El objeto de la presente invención ha sido por
lo tanto proporcionar métodos para la cuantificación de ácidos
nucleicos, los cuales solventan los inconvenientes de la técnica
antigua como se describe más arriba. El objeto de la presente
invención fue en particular proporcionar métodos para la
cuantificación de ácidos nucleicos en los cuales un ácido nucleico
diana se cuantifica independientemente de las eficacias de
amplificación del ácido nucleico diana y ácido nucleico de
referencia.
Este objetivo se logra de acuerdo con la
invención mediante un método para la cuantificación de un ácido
nucleico diana en una muestra, el cual método comprende los pasos
siguientes
a) determinación de la eficiencia de la
amplificación del ácido nucleico diana en condiciones definidas.
b) amplificación del ácido nucleico diana
contenido en la muestra en las mismas condiciones de reacción.

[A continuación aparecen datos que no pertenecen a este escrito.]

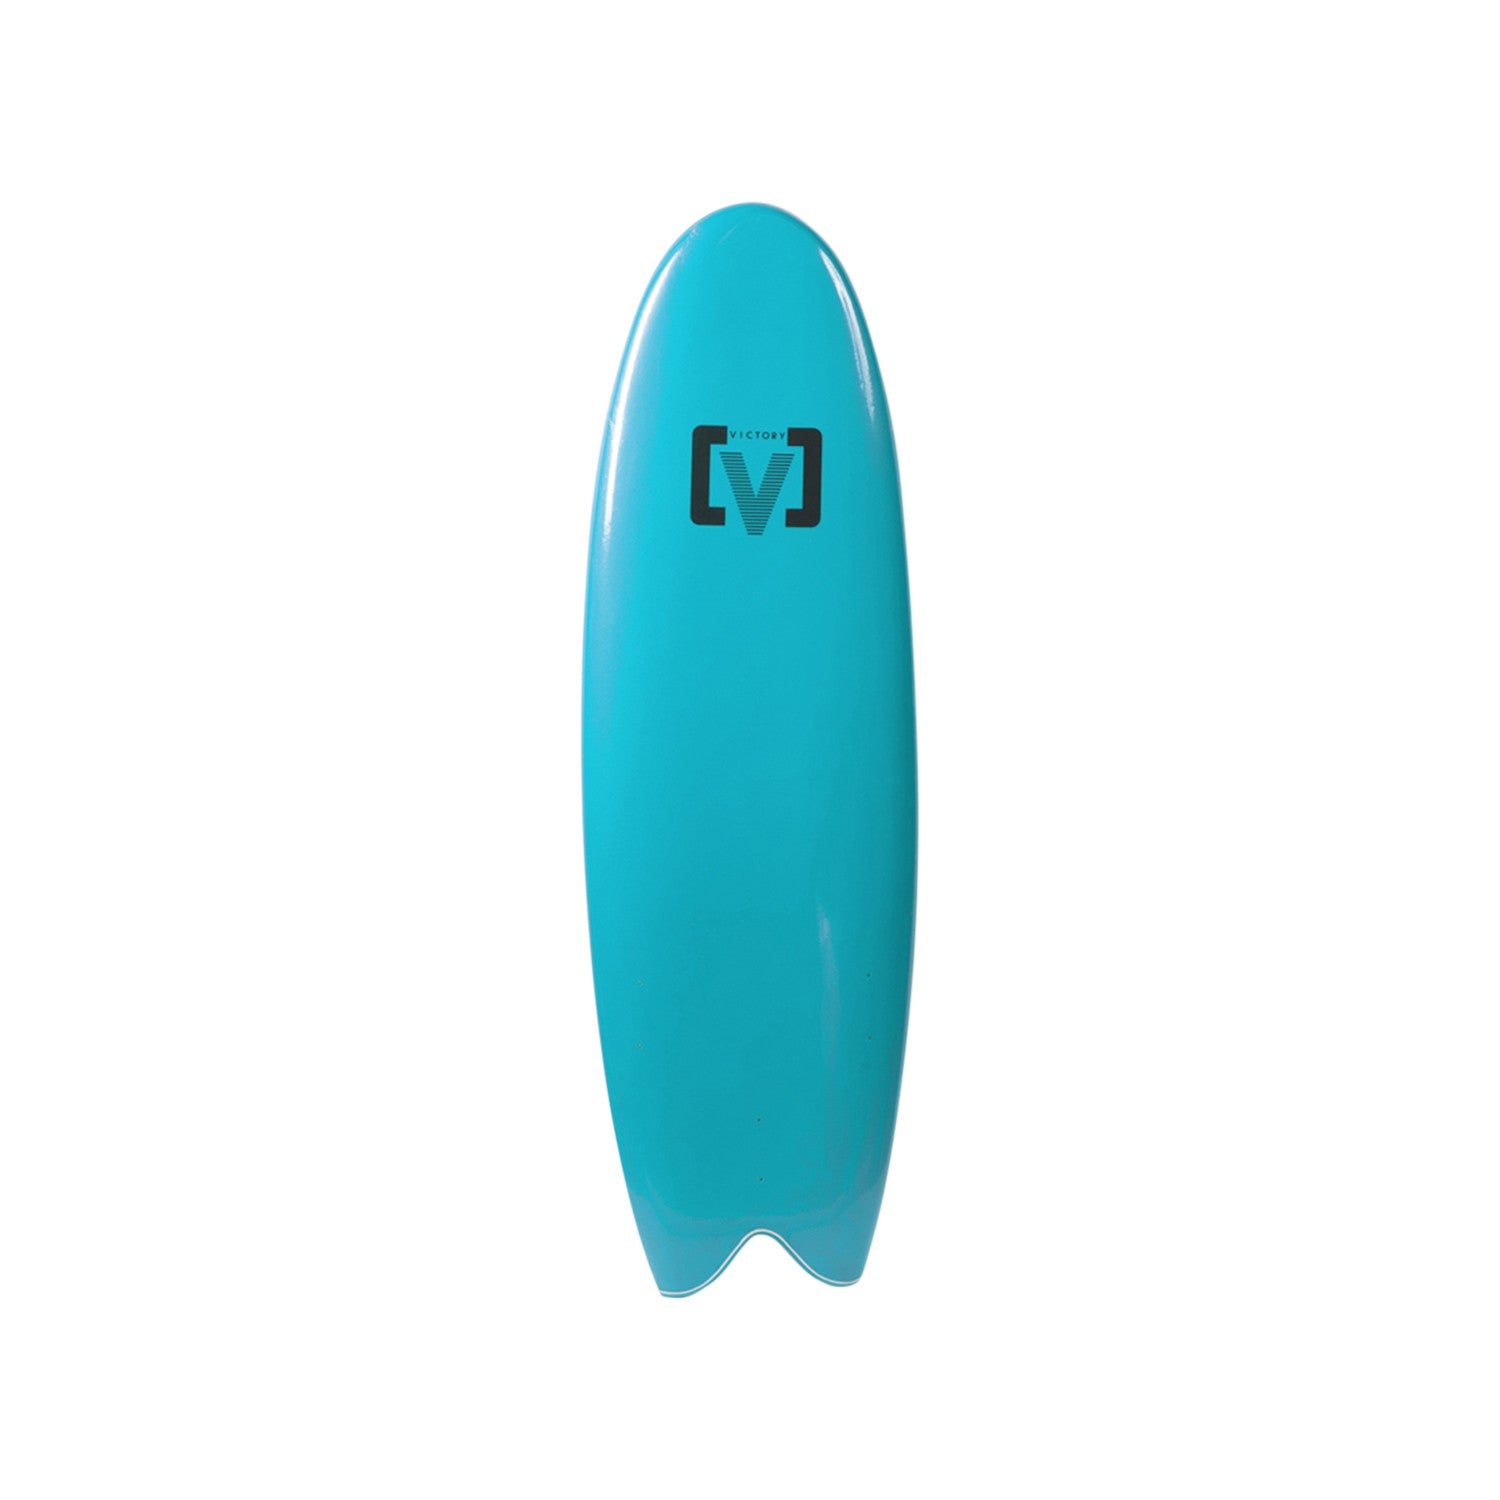 VICTORY - EPS Softboard - Foam Surfboard - Fish 5'6 - Light Blue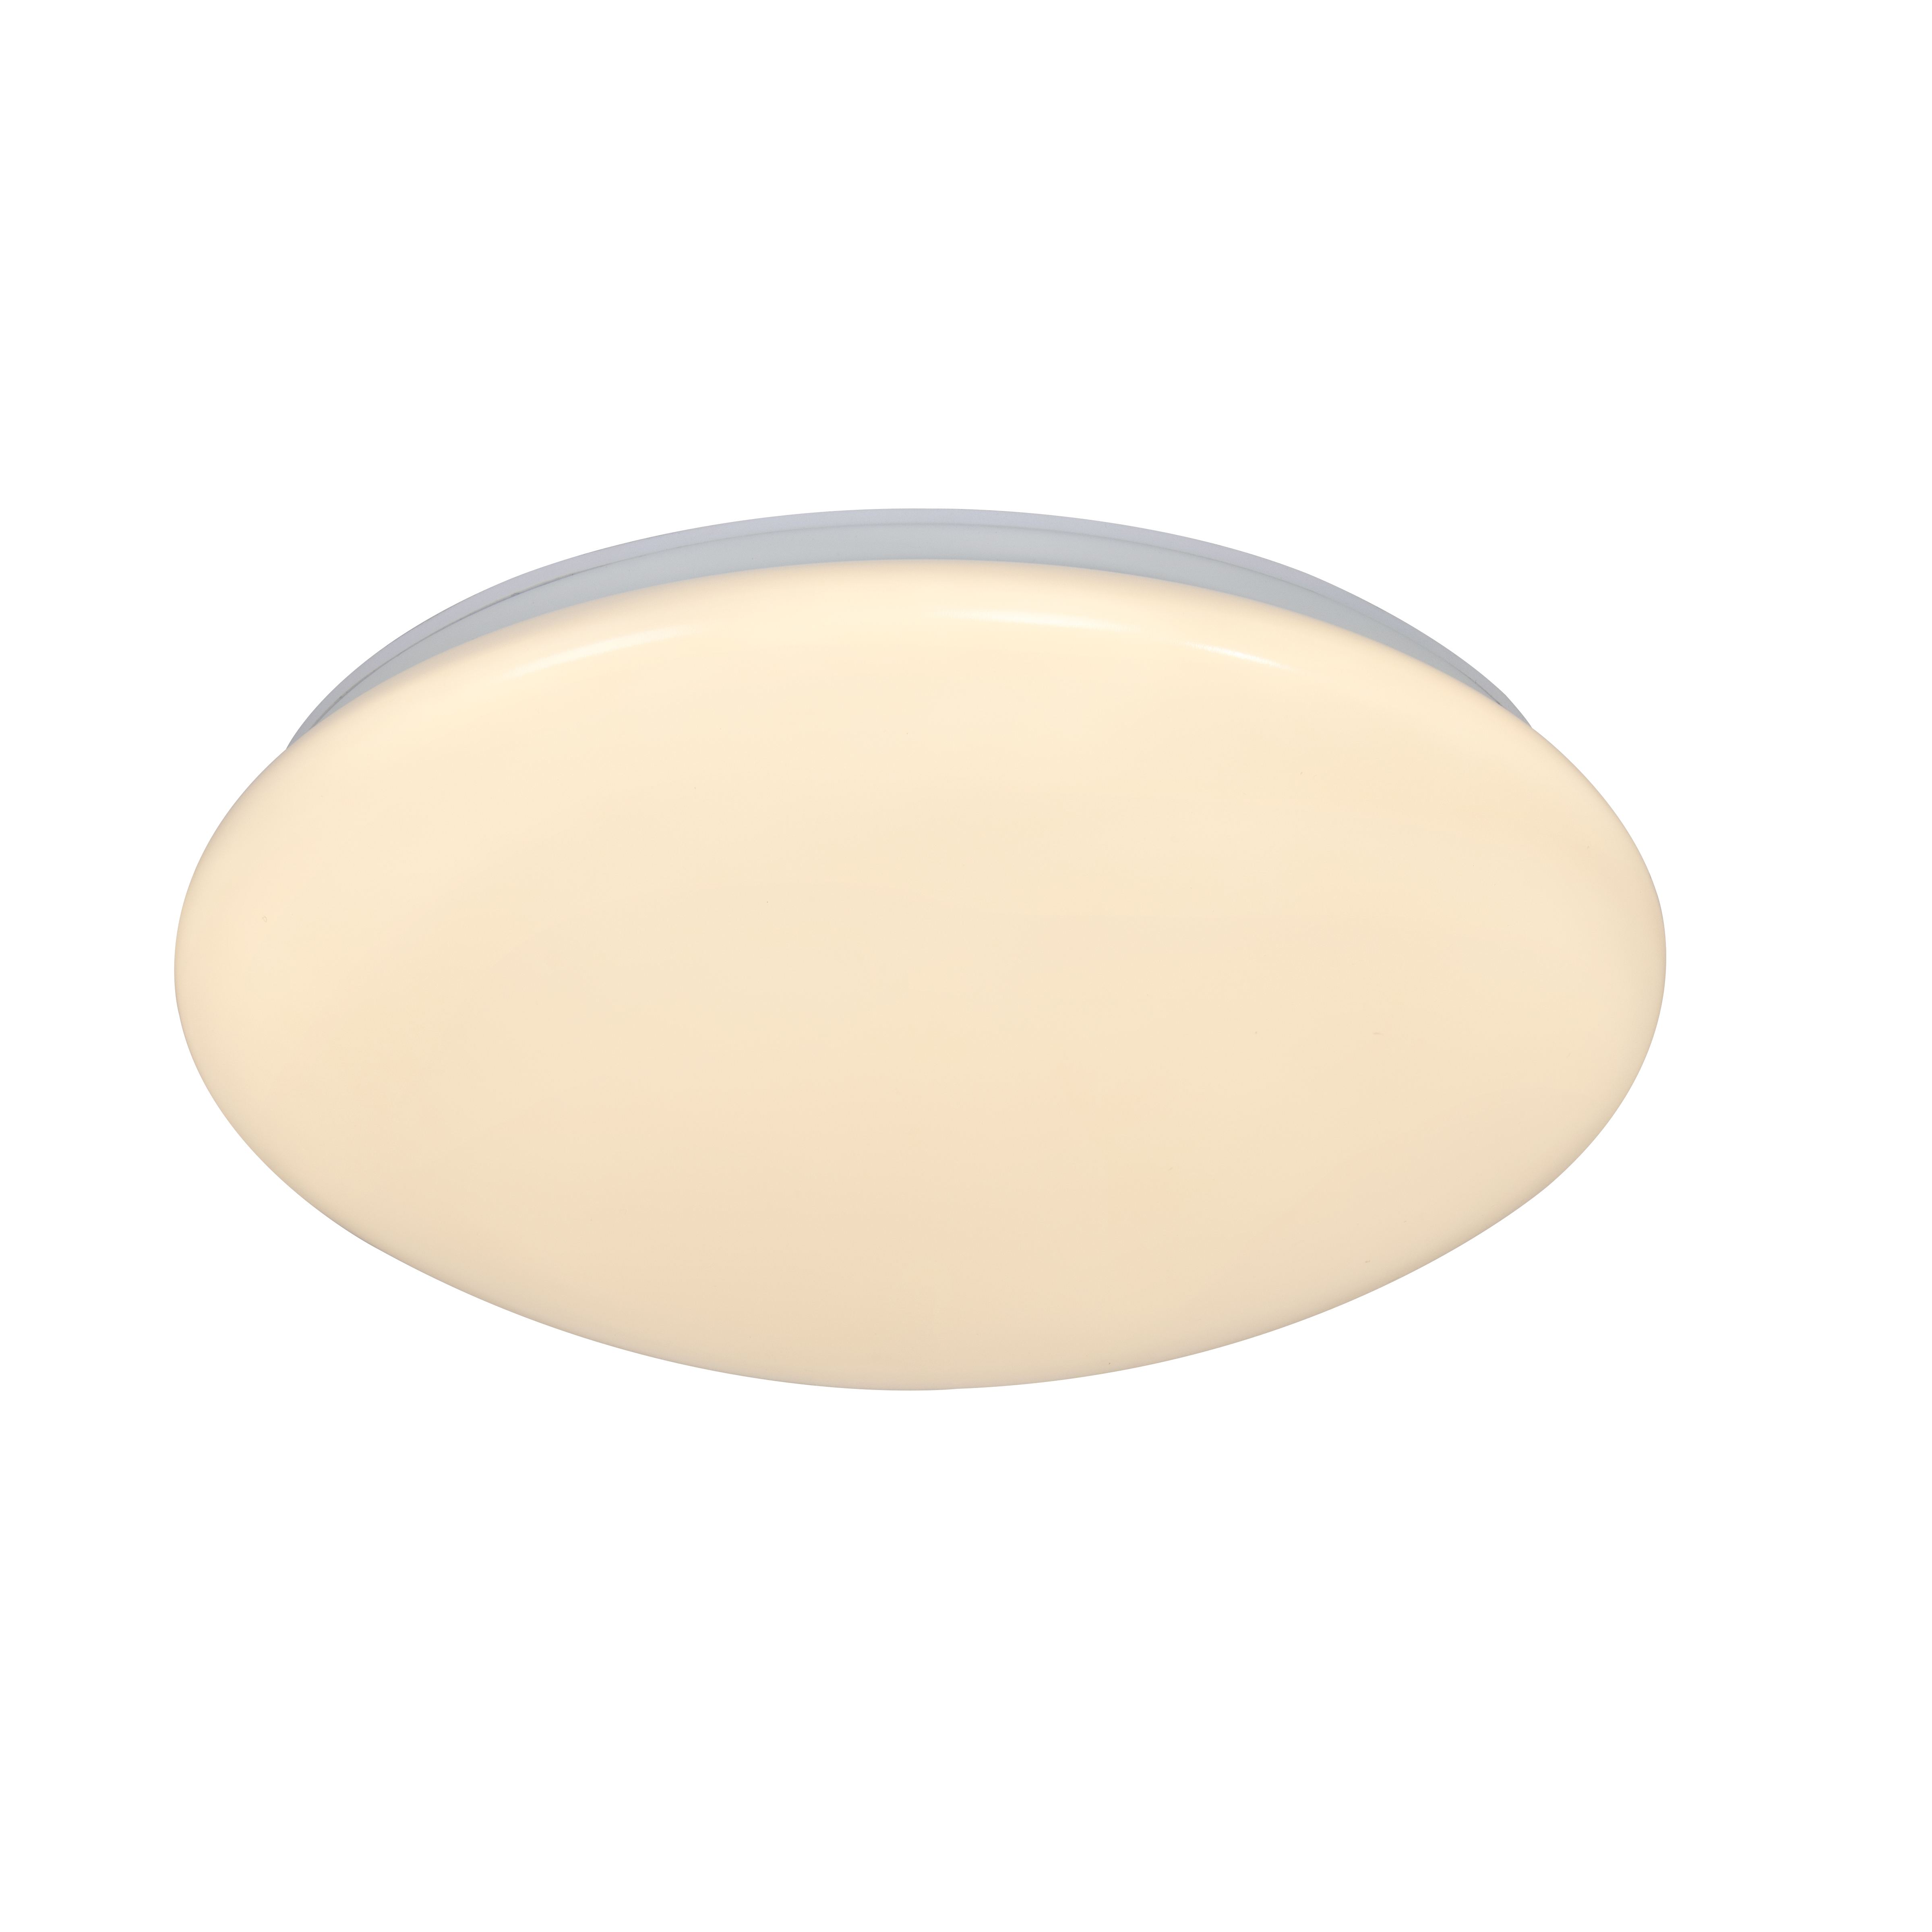 Montone light | | White 36 Ceiling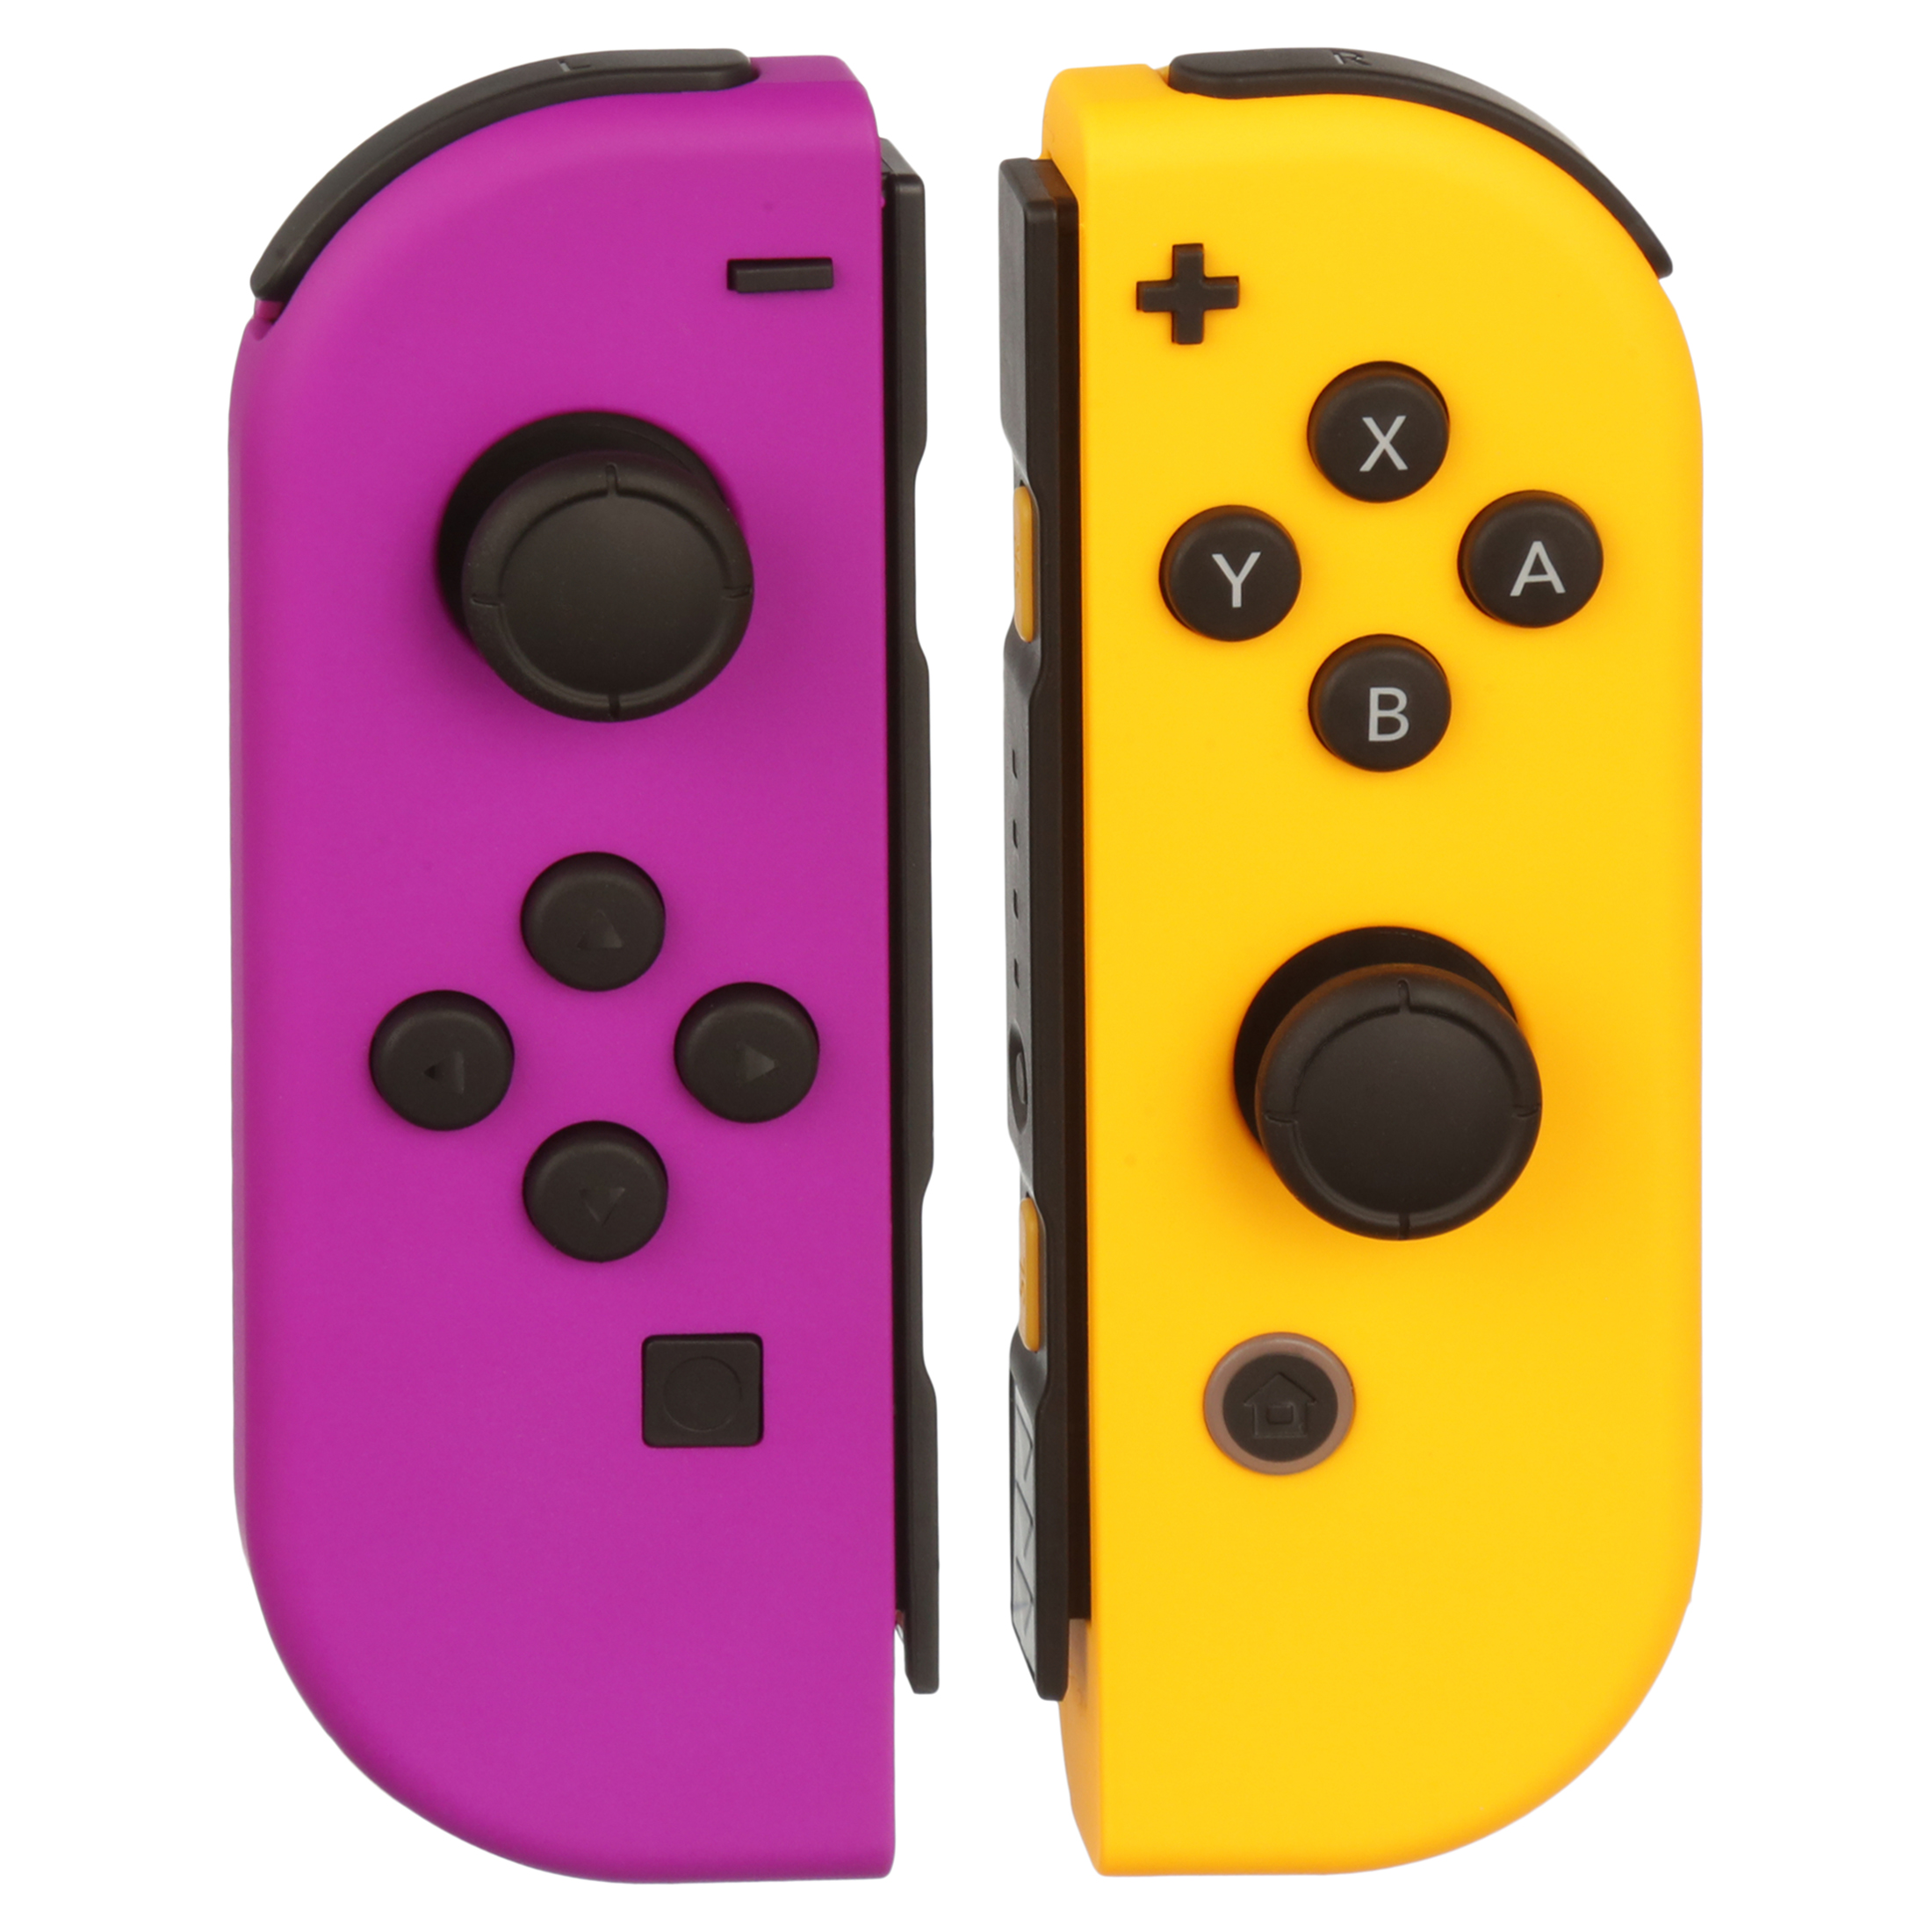 Nintendo Switch Joy-Con Pair, Neon Purple and Neon Orange - image 6 of 7

c) medición de la amplificación en tiempo
real.
d) cuantificación de la cantidad original de
ácido nucleico diana en la muestra mediante corrección de la
cantidad original derivada del paso c) con ayuda de la eficiencia
de amplificación determinada.
De acuerdo con la invención, este método puede
emplearse para la cuantificación relativa comparada con la
expresión de genes de régimen interno ("housekeeping genes")
así como para la cuantificación absoluta.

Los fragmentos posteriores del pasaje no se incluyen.